- Born: Ethelinda Villaflor Soliven January 22, 1940 Manila, Philippine Islands, U.S.
- Died: September 6, 2020 (aged 80) Taguig, Philippines
- Education: University of Mount Saint Vincent
- Occupation: Journalist

= Ethel Soliven Timbol =

Filipino journalist (1940–2020)

Ethel Soliven Timbol (born Ethelinda Villaflor Soliven; 22 January 1940 - September 6, 2020) was a Filipina journalist and lifestyle editor of the Manila Bulletin, published in the Philippines. She was the ninth child of Congressman Benito Soliven and Pelagia Villaflor Soliven. She was the youngest sister of journalist Maximo V. Soliven.

She finished High School at St. Theresa's College in Manila. After two years of college at St. Theresa's, she left to study at the College of Mount Saint Vincent in Riverdale, New York, U.S.A. on a Knights of Columbus scholarship. She majored in English and Child Psychology.

Timbol joined the Manila Bulletin in 1960, handling the police beat at the Western Police District, which at that time included then patrolman, and later Manila Mayor Alfredo Lim. Aside from her reportorial beat, she was tapped to edit the Youth section, "The Page for the Young at Heart."

She has also been assigned to the beats covering the Department of Education, Trade and Industry, and the Commission on Elections, often meriting front-page stories in the tumultuous '60s and '70s.

In 1976, she was appointed editor of the "Life & Leisure" and "Sunday Leisure" sections of the same newspaper. Apart from her editorial duties, she was a respected columnist, writing the twice weekly society column "Pacesetters," and the once weekly "Consumers' Observation Post," a consumer advocacy column, which she started with Deedee Sytangco.

In 1991, she received a special citation from the Manila Rotary Club for her consumer advocacy work.

She was a cancer survivor, recovering from colorectal cancer.

She retired from the Manila Bulletin on December 31, 2007, after 47 years of service.

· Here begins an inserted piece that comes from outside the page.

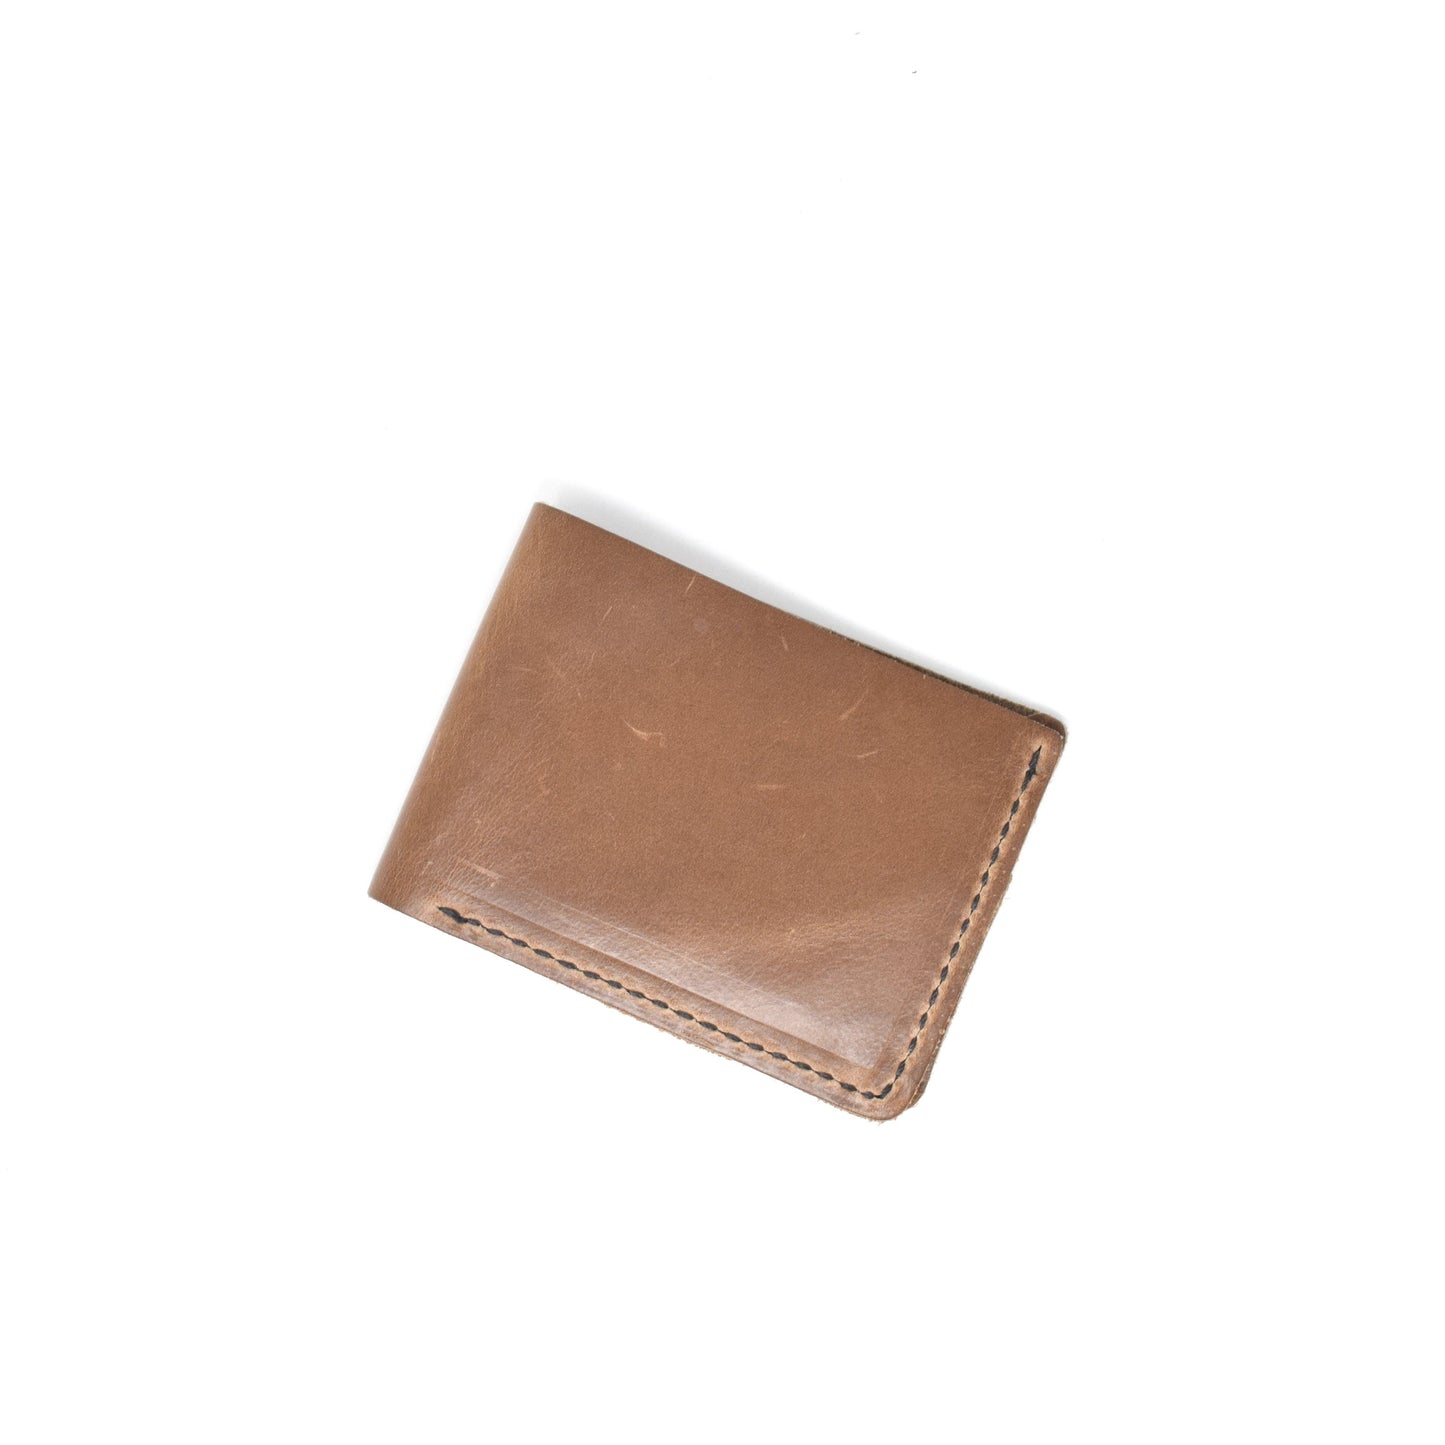 The Whiskey Bifold Wallet

On September 6 2020, she died at St. Luke's Hospital in BGC. She was 80 years old.

== Quotes ==

When asked about the difference between young people today and young people before, she replied: "The young people before called me Ethel, today they call me Ma'am."

"I always mean what I say when I say it. That may change later."

==Trivia==

She is the widely acknowledged "Dean of Philippine Lifestyle Editors."

The original caricature for her Pacesetters column included a cigarette in a long stemmed holder. When she stopped smoking in 1995, she asked that the cigarette be removed from the caricature.

The Life and Leisure and Sunday Leisure sections of Timbol generated the most advertising revenue for the Manila Bulletin.